II. GODWIN ON JUSTICE

Quite forgotten today, William Godwin (1756–1836) was the most influential English philosopher of his generation. “No work in our time,” wrote Hazlitt toward 1823, “gave such a blow to the philosophical mind of this country as the celebrated Enquiry Concerning Political Justice11 “Throw away your books of chemistry,” Wordsworth told a young student, “and read Godwin on Necessity”;12 and in Godwin’s old age, when he had come to doubt himself, he saw his ideas broadcast on the wings of song by his son-in-law Shelley. He would probably have been put in jail except for the high price he charged for his book.

His parents were devout Calvinists, dedicated to the predestinarianism that in Godwin became determinism. His father was a Nonconformist minister; he himself was educated for the pulpit, and served as clergyman in divers towns. While so functioning at Stowmarket he was introduced by a young republican to the French philosophers, who soon upset his faith. He took atheism from d’Holbach, though in later years he graciously made a place for God in his congested volume. He took from Helvétius the belief in education and reason as the progenitors of utopia. He followed Rousseau in accepting the native goodness of men, but he preferred philosophical anarchism to Rousseau’s omnipotent state. He abandoned the Christian ministry, and set out to butter his bread with pen and ink. He joined Lord Stanhope and Thomas Holcroft in a club of “revolutionists,” but for the most part he gave himself to arduous study and difficult writing; and in 1793, aged thirty-seven, he issued the most radical major work of his time.

He called it Enquiry Concerning Political Justice and Its Influence on General Virtue and Happiness.

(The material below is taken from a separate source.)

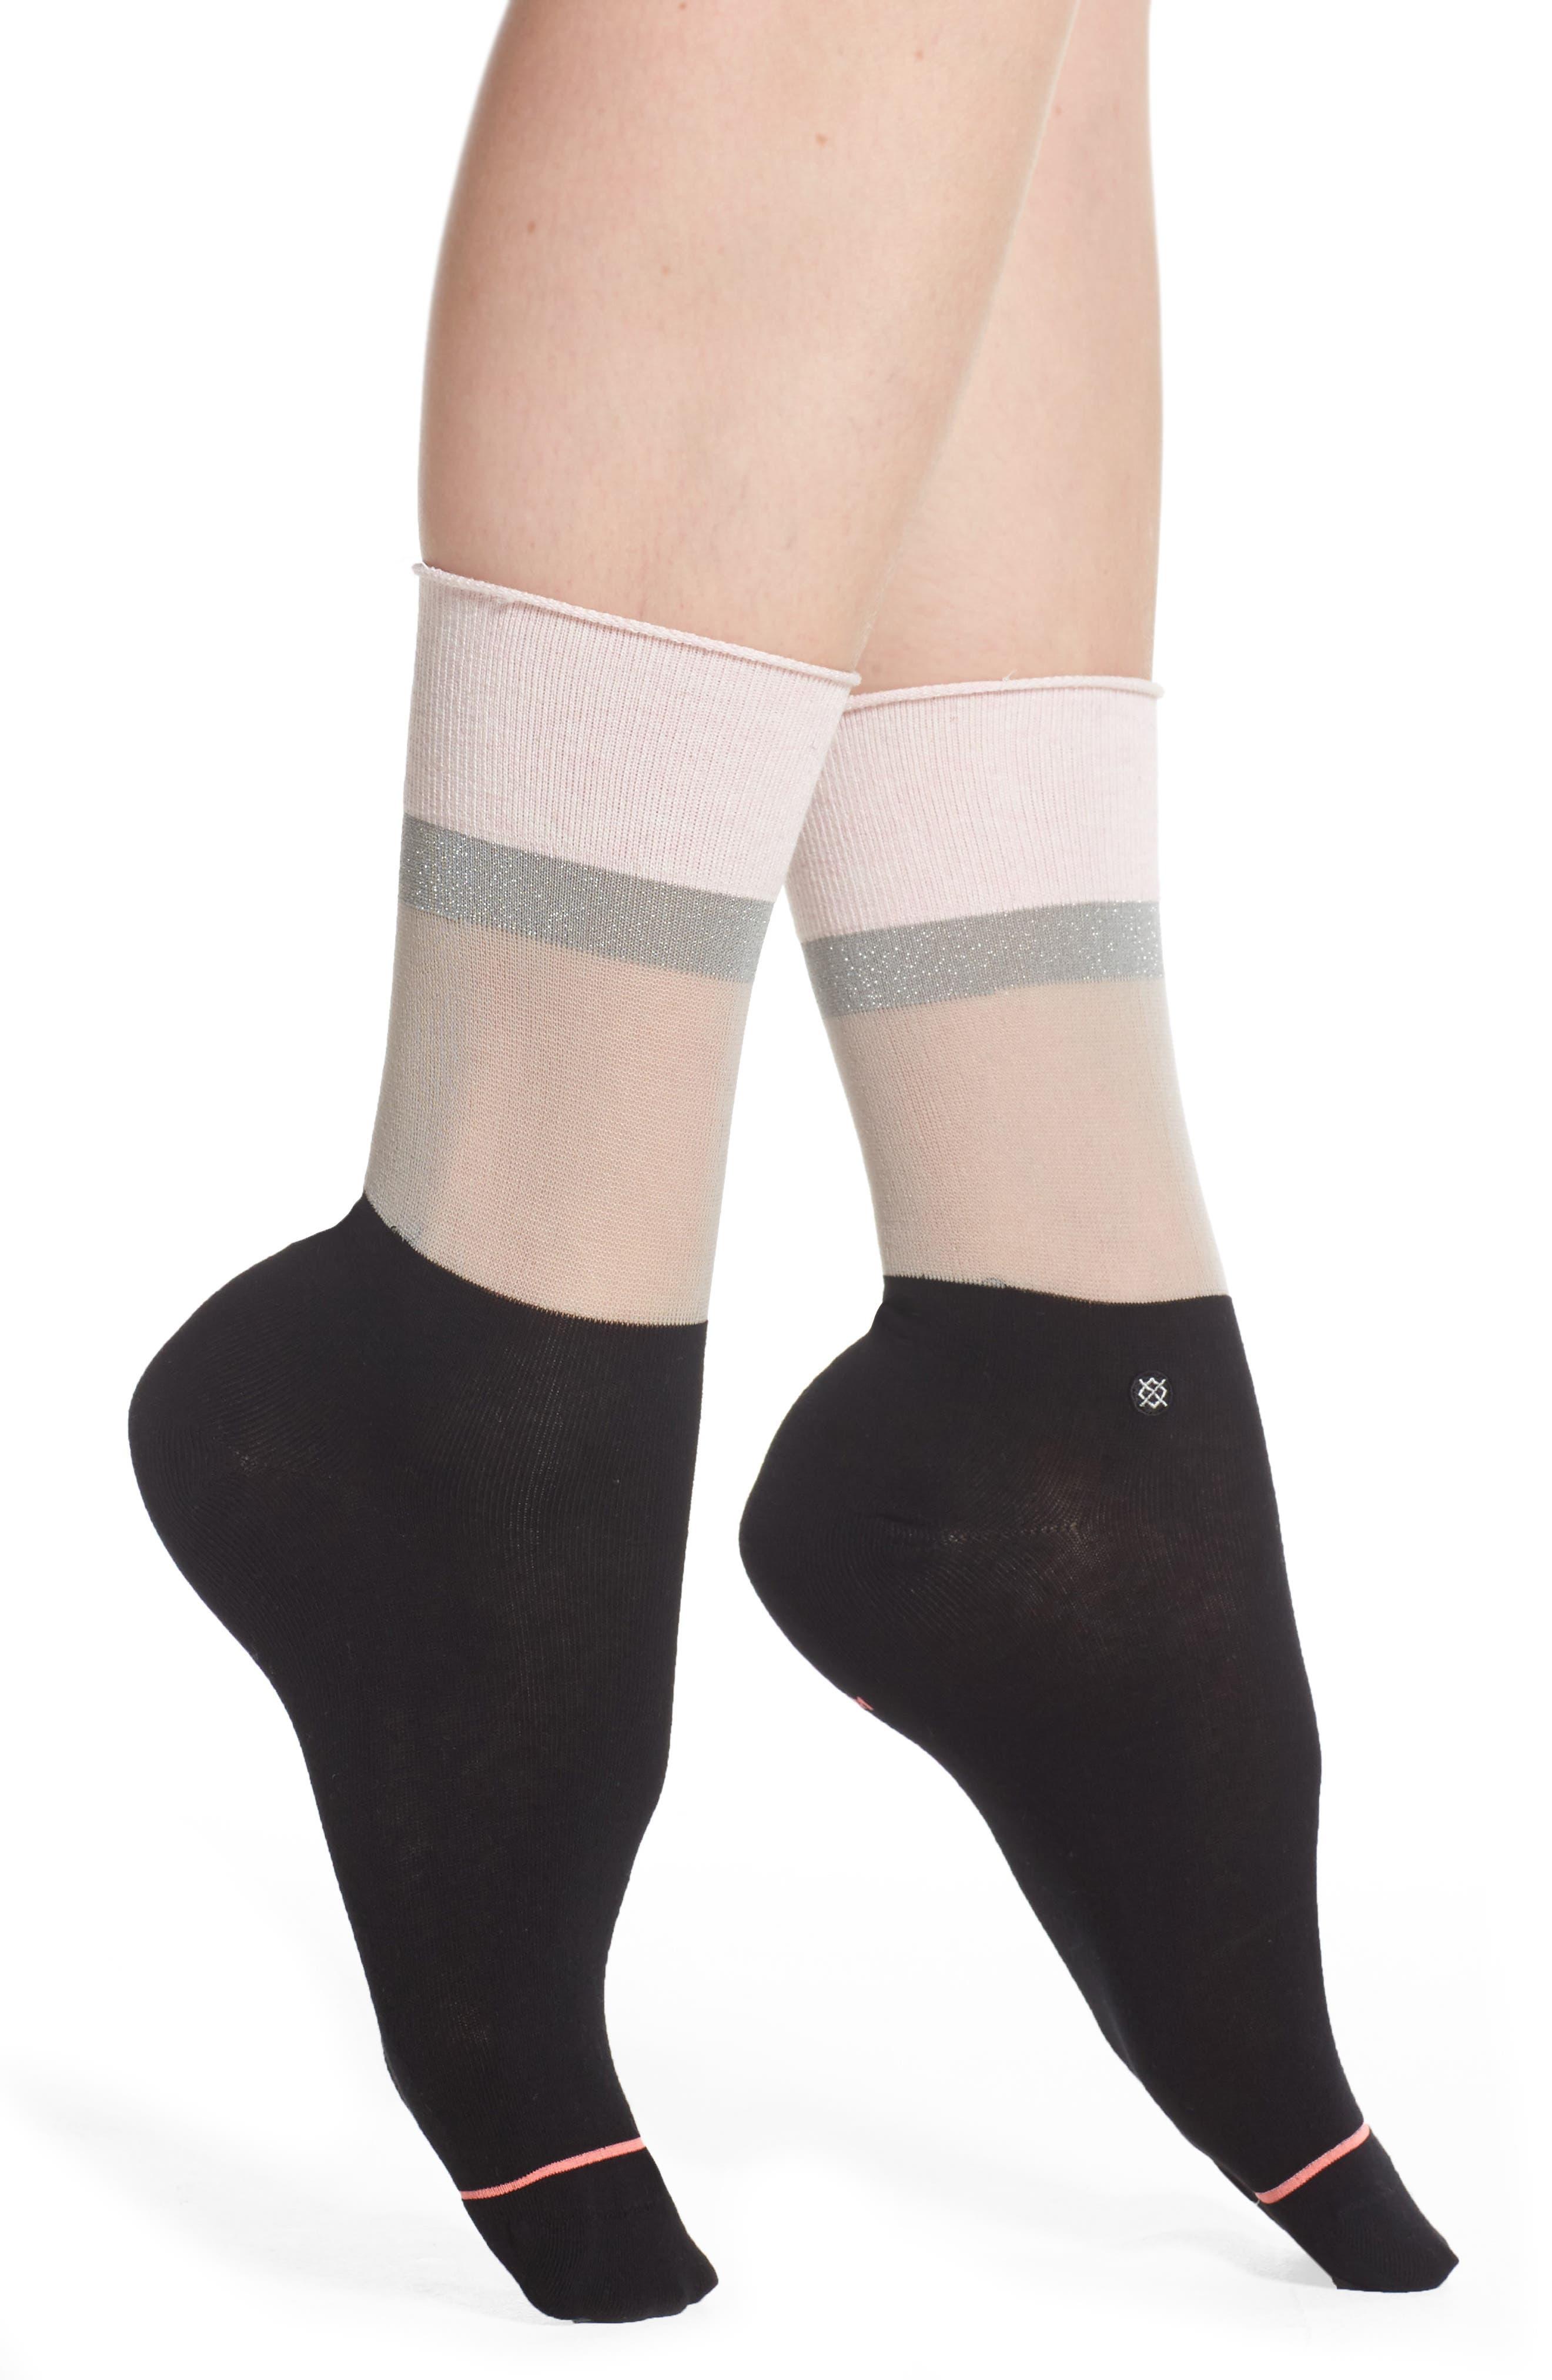 Cara Crew Socks,                             Main thumbnail 1, color,                             Black

Apparently a book on government, it covered nearly all the problems of philosophy, from perception to statesmanship, stopping just short of God. He scorned the fables of heaven and hell as transparent devices to promote obedience and facilitate government.13 He condemned clergymen who swore acceptance of the Thirty-nine Articles of the official faith while privately discarding them.14 He rejected free will, and the will itself if understood as a distinct faculty; it was for him merely an abstract term for conscious responses to stimuli, situations, or desires.15 Since actions are determined by heredity, individual experience, and present circumstances, we should meet the wrongdoings of others without anger or recrimination, and we should reform our penal system to rehabilitate rather than punish; however, it may be necessary to use praise, blame, and punishment as providing corrective memories in future temptations.16

What should we praise, and what condemn? The morally good, and morally bad? And what is good? Following Helvétius (1758) and Bentham (1789), Godwin defined the good as that which promotes individual or group happiness, and he defined happiness as consistent pleasure of body, mind, or feeling. This ethical philosophy is not hedonistic or sensual, for it ranks intellectual pleasures above those of the senses. It is not egoistic or selfish, for it recognizes that the individual is part of a group; that the good of the group is prerequisite to the security of its constituent individuals; and that among the highest of all pleasures are those that an individual may derive from contributing to the happiness of his fellow men. Our social instincts generate altruistic actions, and these actions can give us a pleasure keener and more lasting than any delight of sense or intellect.17 To be kind is to be happy; to be unkind is to be miserable. “Morality, the science of human happiness,” is “the principle which binds the individual to the species, and the inducements which are calculated to persuade us to model our conduct on the way most conducive to the advantage of all.”18

Justice, then, is the regulation of conduct, in the individual and the group, for the greatest happiness of the greatest number. “The immediate object of government is security for the group or the individual.” Since the individual desires as much freedom as comports with his security, “the most desirable state of mankind is that which maintains general security with the smallest encroachment upon individual independence.”19 Hence there is no need for governmental or religious sanctions for marriage; the mutual agreement of two adults to live together should suffice; and the union should be dissoluble at the desire of either party.20 (This line especially pleased Shelley.)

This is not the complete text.